Treatment of Candida glabrata and Candida krusei Infections
First-Line Therapy for Invasive Disease/Candidemia
An echinocandin (caspofungin, micafungin, or anidulafungin) is the preferred first-line treatment for both C. glabrata and C. krusei invasive infections and candidemia. 1
Echinocandin Dosing
- Caspofungin: 70 mg loading dose, then 50 mg daily 2, 1
- Micafungin: 100 mg daily 1, 3
- Anidulafungin: 200 mg loading dose, then 100 mg daily 1
Both C. glabrata and C. krusei demonstrate susceptibility to echinocandins, making this class superior to azoles for these species 2. Clinical data from pooled trials show micafungin achieves 73.5% clinical cure rates in C. glabrata/krusei infections, with comparable outcomes across echinocandin agents 3.
Alternative Therapy When Echinocandins Cannot Be Used
Amphotericin B deoxycholate is the preferred alternative, though important species-specific differences exist:
For C. glabrata: 0.7 mg/kg/day 2
Step-Down Oral Therapy
Voriconazole (400 mg twice daily for 2 doses, then 200 mg twice daily) can be used as step-down therapy for selected C. krusei cases once the patient is clinically stable 1. Voriconazole is licensed in Europe for fluconazole-resistant serious invasive Candida infections including C. krusei 2.

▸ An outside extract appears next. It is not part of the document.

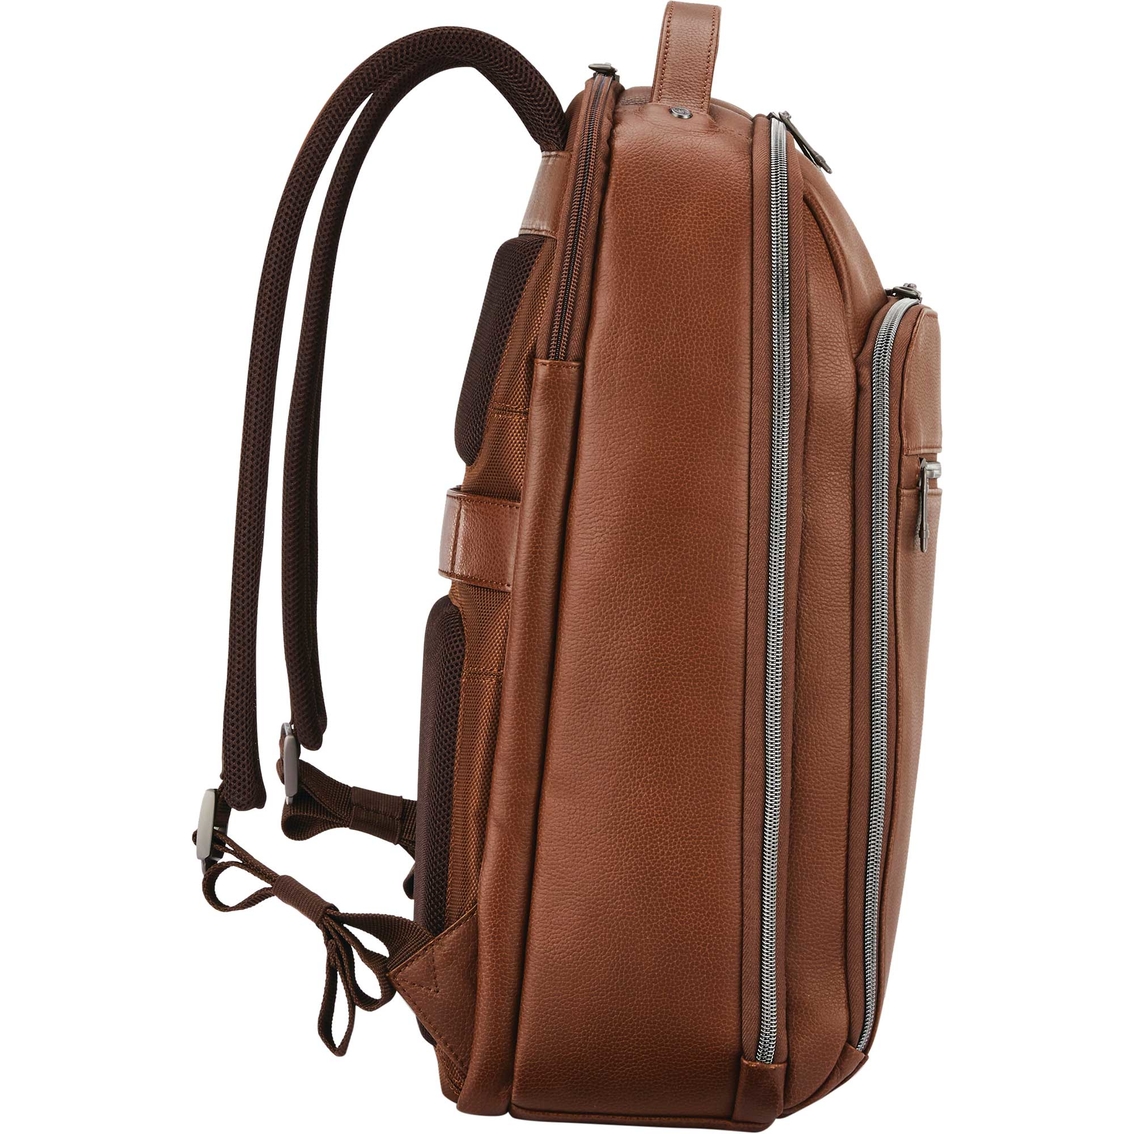 Samsonite Leather Backpack | Backpack | Electronics | Shop The Exchange

Critical Adjunctive Measures
Remove central venous catheters as early as possible - this is essential for all patients with candidemia 1, 6. Failure to remove catheters is independently associated with 28-day mortality 3.
Additional required measures include:
- Perform follow-up blood cultures daily or every other day until clearance 1
- Continue treatment for 2 weeks after documented bloodstream clearance and symptom resolution 1
- Perform dilated ophthalmological examination within the first week in all nonneutropenic patients 1
Urinary Tract Infections
When to Treat
Determine whether candiduria represents true infection versus asymptomatic colonization 7, 1. Treatment is warranted for:
- Symptomatic patients 7
- High-risk groups: neutropenic patients, very low birth-weight infants, patients undergoing urologic manipulation 7
Treatment Regimen for C. krusei UTI
Amphotericin B deoxycholate 0.3-0.6 mg/kg daily for 1-7 days is first-line therapy 7, 1. This achieves adequate urinary concentrations and maintains activity against most C. krusei isolates 1.
Alternative: Amphotericin B bladder irrigation (50 mg/L sterile water daily for 5 days) for cystitis only 7
Duration: 2 weeks for both cystitis and pyelonephritis 7, 1
Essential management steps:
- Remove indwelling bladder catheter if present 7, 1
- Eliminate any urinary tract obstruction 7, 1
- Obtain repeat urine cultures to document clearance 7, 1
Special Populations
Neonates
Amphotericin B deoxycholate is preferred due to low toxicity in this population and lack of pharmacokinetic data for echinocandins in neonates 2, 1.
Hematologic Patients
The treatment algorithm remains the same with echinocandins as first-line therapy, but rapidly remove the catheter regardless of species 1.
Common Pitfalls to Avoid
Never use fluconazole for C. krusei - this species has intrinsic resistance mediated by reduced target enzyme sensitivity 4, 5. The FDA label explicitly states C. krusei should be considered resistant to fluconazole 4.
Exercise caution with fluconazole for C. glabrata - while some success has been reported with high-dose fluconazole (12 mg/kg/day or 800 mg/day), efficacy is only 50% and many isolates are intermediately susceptible or resistant due to upregulation of efflux pumps 2, 4, 5. Resistance in C. glabrata typically involves upregulation of CDR genes resulting in multi-azole resistance 4.
Patient characteristics matter more than drug choice - higher severity of illness, neutropenia, medical admission, and failure to remove catheters are independently associated with worse outcomes, regardless of antifungal selected 3.